North America Service Disruption - Notification Delivery
Incident Report for xMatters
Postmortem

What happened?

On July 11, 2019, at approximately 2:18 PM PDT, xMatters monitoring alerted Customer Support to possible delays in notification delivery within the NorthAmerica region. While the issue was being addressed, some users may have experienced delays when receiving SMS and voice notifications, or when injecting events for some integrations. While the system continued to process events and notifications, some events were delayed or did not complete properly and required manual termination.

Why did it happen?

This issue was caused when a backend queuing service stopped unexpectedly, resulting in a large backlog of events waiting to be processed which in turn prevented the services responsible for event processing from connecting to the queuing process. While the issue did not impact all of the available queues, the remaining queues took longer to process events.

How did we respond?

As soon as the monitoring tools alerted to an issue with notification delivery, Customer Support began troubleshooting, connected with subject matter experts to assist, and created a Severity-1 incident.

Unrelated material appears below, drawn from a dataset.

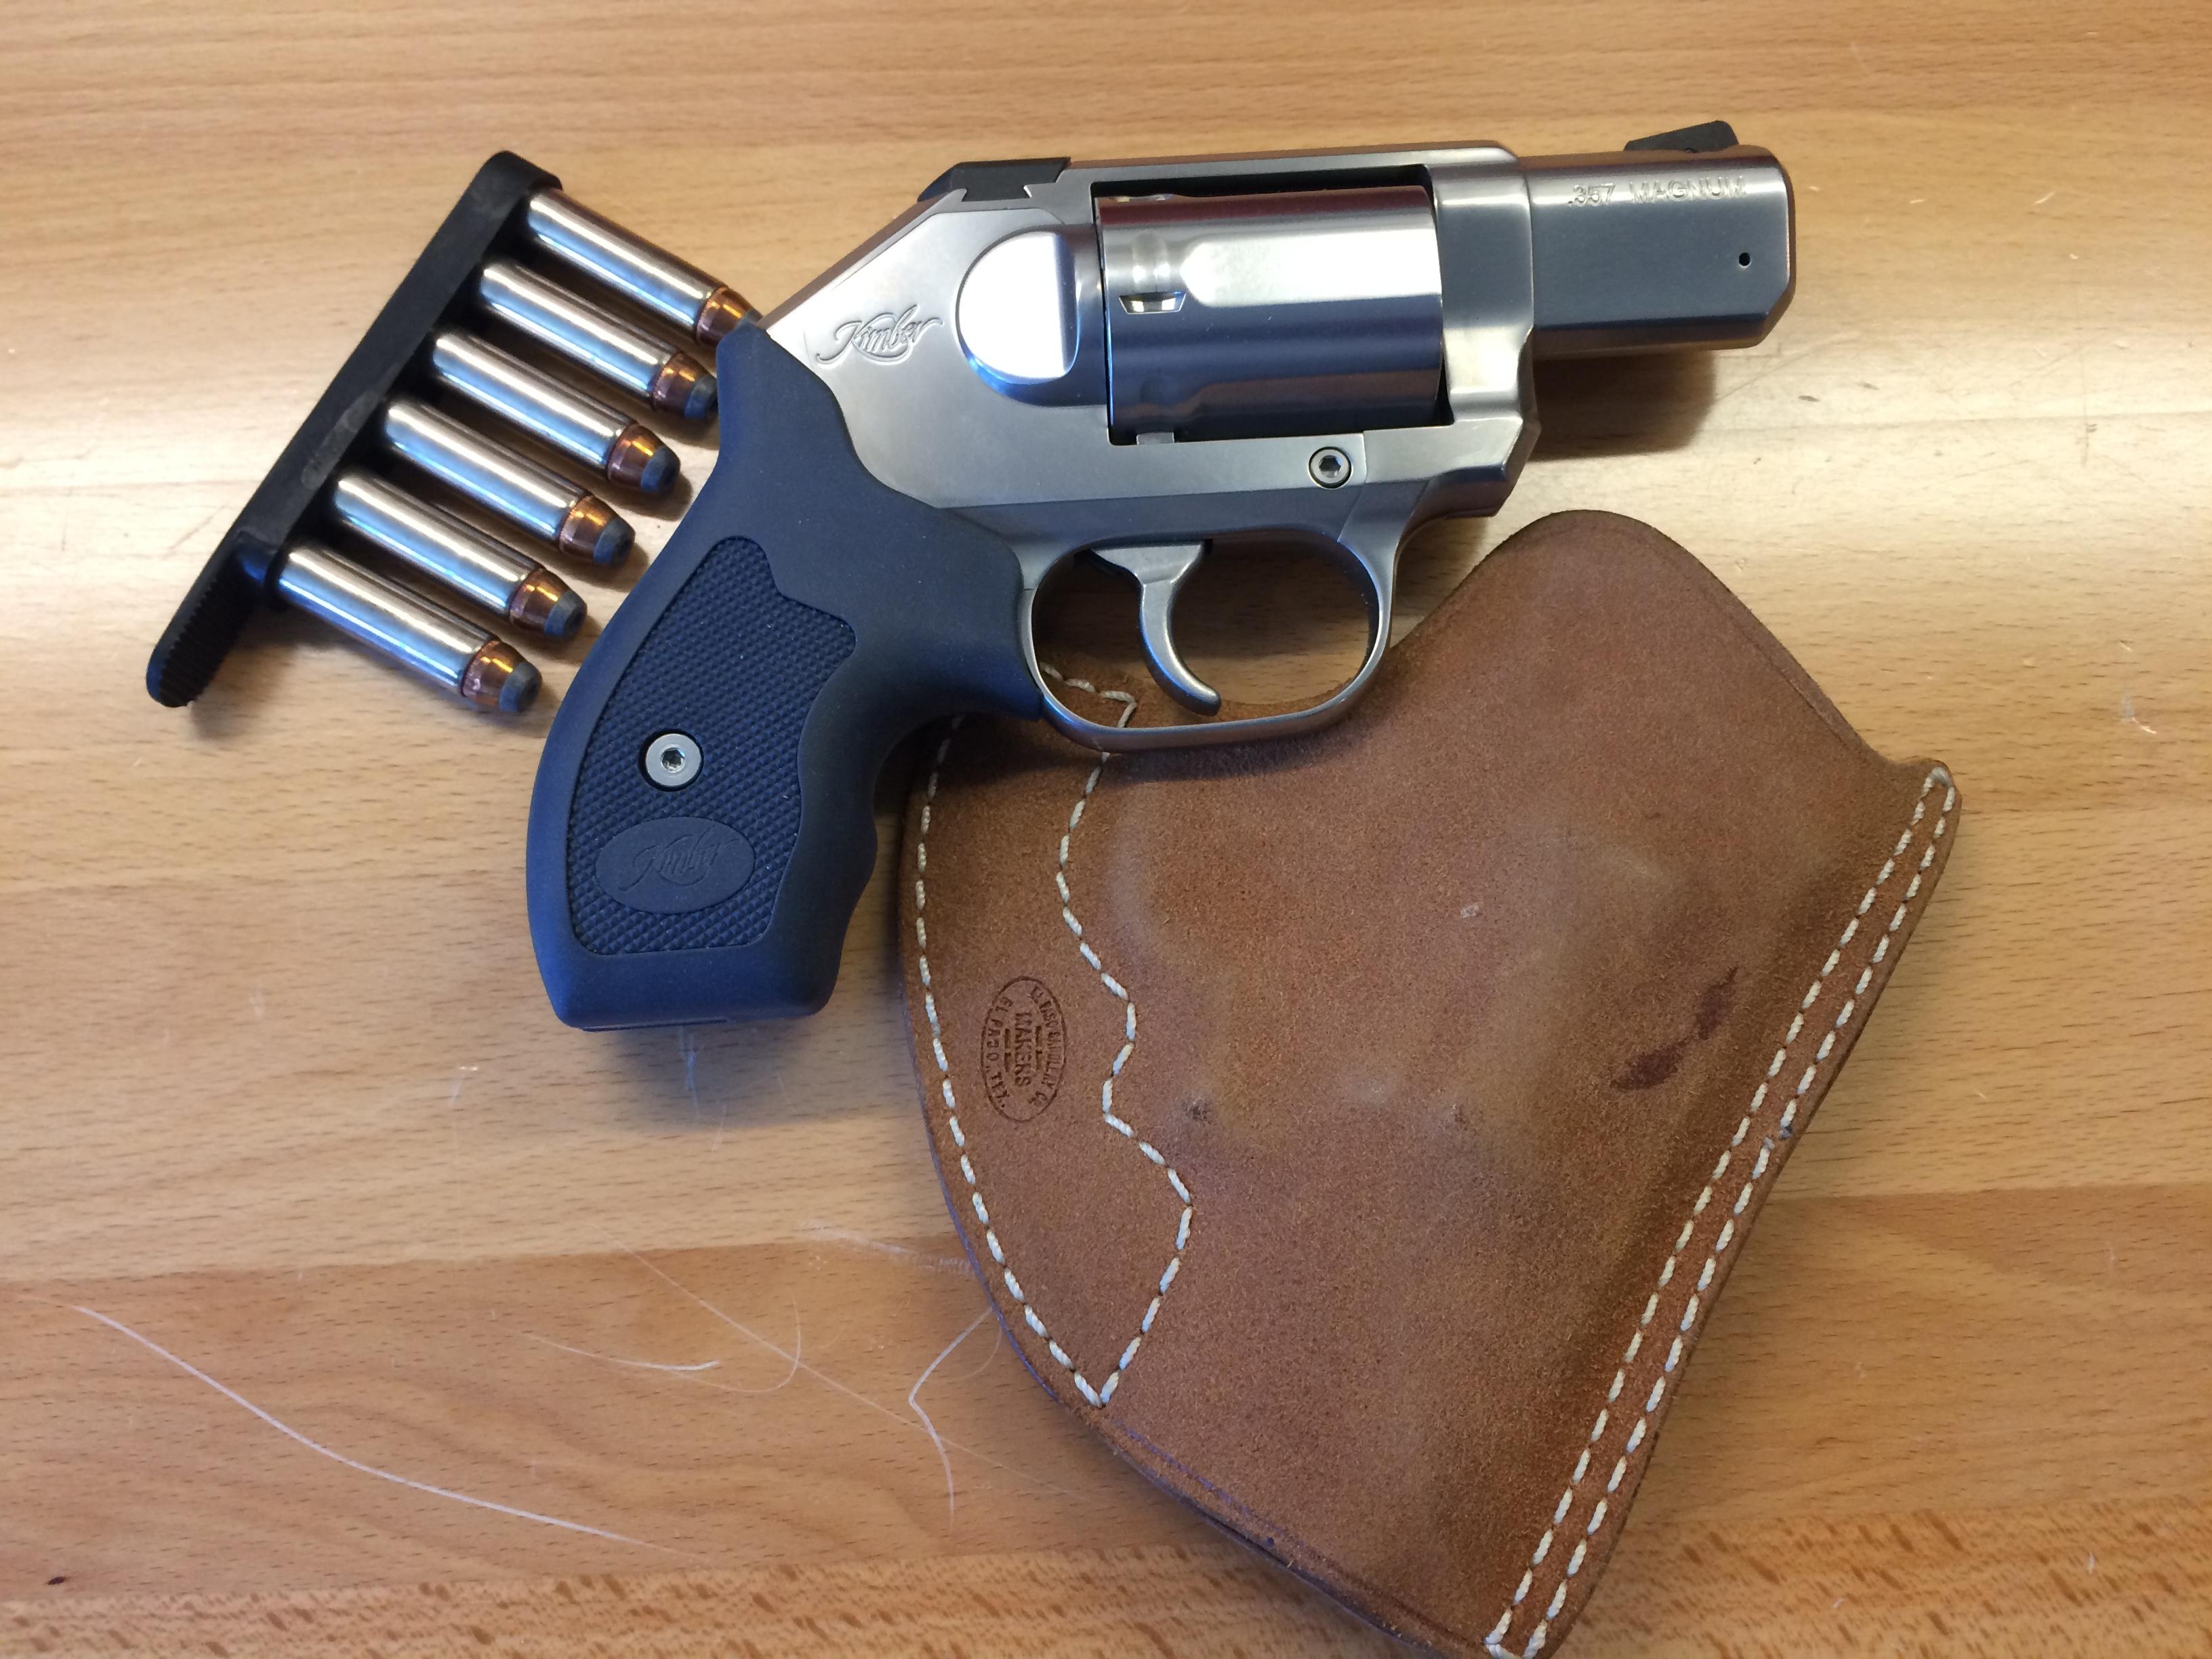 Kimber K6s not for Pocket Carry-img_5643.jpg

The incident response teams discovered an issue with a backend service responsible for delivering notifications within the North American region. Once the teams identified the impacted services, they began a rolling restart of the event processing services. When the restart had no effect, the teams began a rolling restart of the queuing process. This restart had the desired effect, and the system began processing events and clearing the backlog. Once the backlog had cleared, the teams confirmed that all services had been restored.

What are we doing to prevent it from happening again?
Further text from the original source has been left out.